Off the beaten path enough for me not to know the wine, Kent. It sounds quite 2005 and really good. Village lieu dit, I trust.

Lieu-dit indeed.(Say that after a few bevvies!) Some '05s are really opening up nicely.

The 2010 Edmond Cornu Ladoix VV originates from vines between 50 and 90 years-old at the foot of the Corton hill, and one definitely gets a Corton vibe. The wine is moving out of the red spectrum and into black in color, aroma and flavor. It is bright and pure on the nose - cranberry and blackberry. It is firm and lean on the palate, but the fruit is bright and nicely framed by brisk acids. The tannins are firm, as well. I expect that this will stretch out nicely with some time, but it is a perfectly satisfying drink right now for true Burgundy drinkers who don’t mind leaning in a bit to listen to what is going on.

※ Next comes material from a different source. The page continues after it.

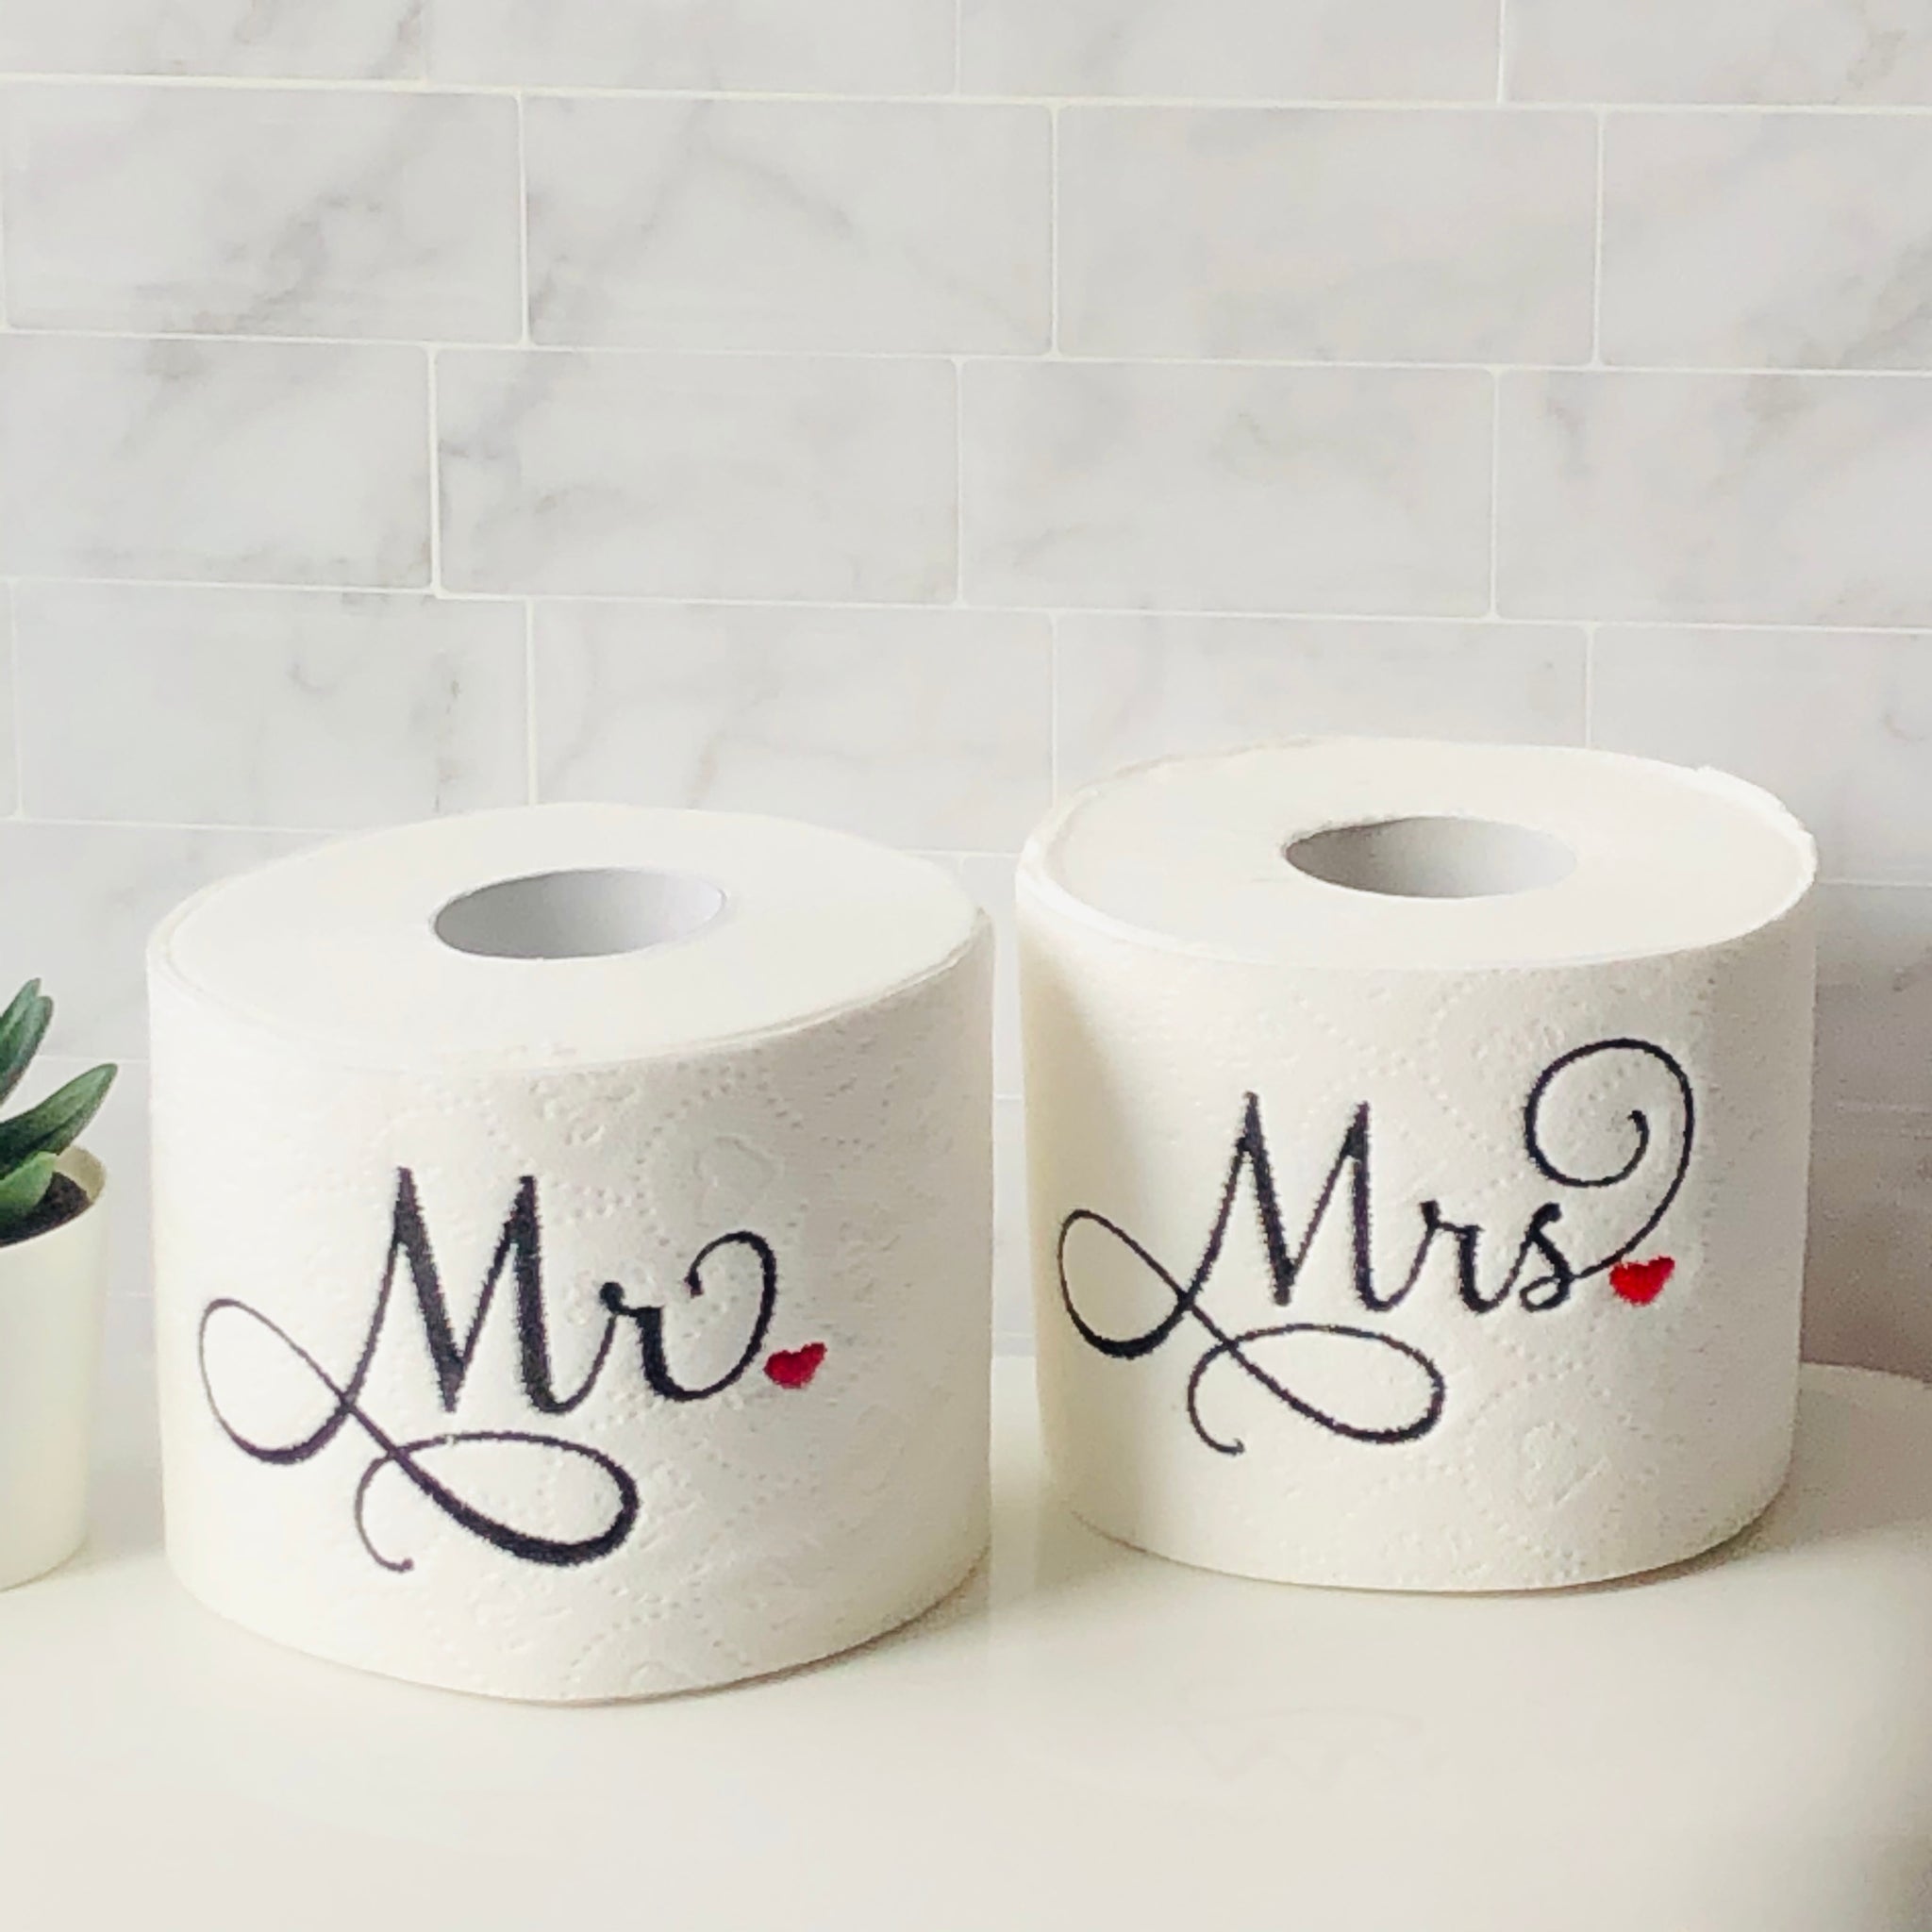 New Parents Funny Toilet Paper Gift - The Writing's on the Roll
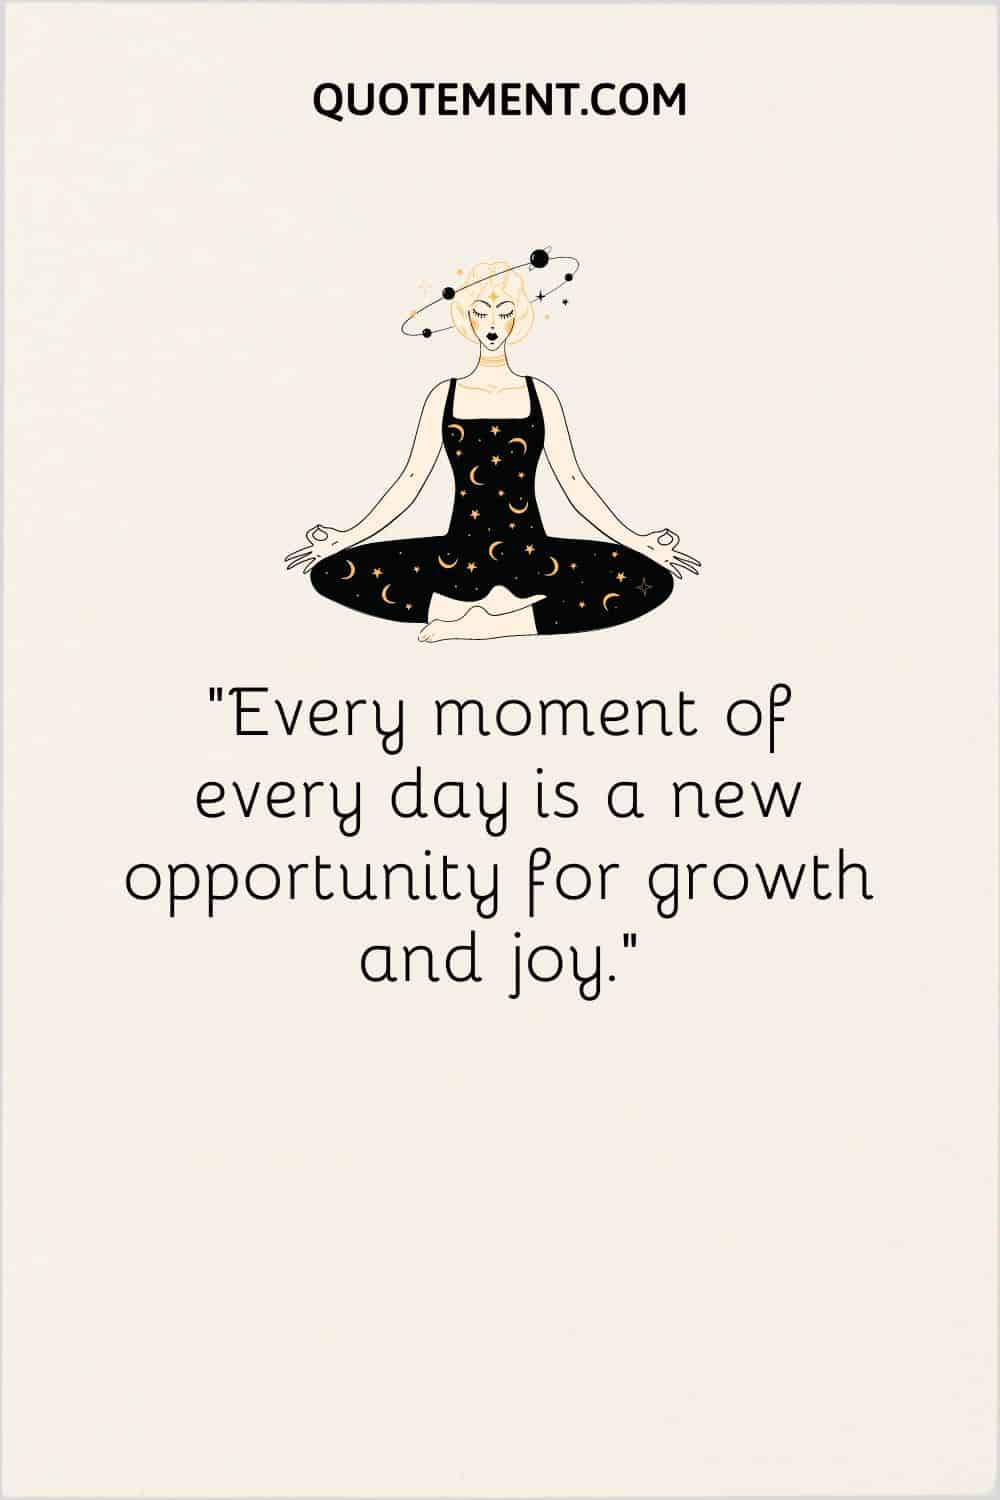 Every moment of every day is a new opportunity for growth and joy

Many excellent recommendations above.
No specific recent tasting notes but one can do very well looking in Blagny ier Cru, Pernand Ille de Vergelesses, Aloxe Vercots, and Volnay Carelles amongst many others.
Riper vintages are best and it will surprise as to the names of the producers who made or make these wines, including Rossignol, Pernot, Jobard, Guyon, Matrot, Faiveley, Ampeau, Cornu, and Leflaive until fairly recently.
Great reccos above for Santenay, Marsannay, Ladoix, Rully and Mercurey, and don’t forget the whites from later few including Pataille Marsannay Blanc.

Cheers

2009 Jean-Marc Vincent Santenay ‘Les Gravieres’ shows the power and extra ripeness of the vintage. Quite dense and chunky and a bit of an outlier compared to other vintages of this wine. Still delivers at the price point, but to me I prefer the '08, '10, '12 & '13.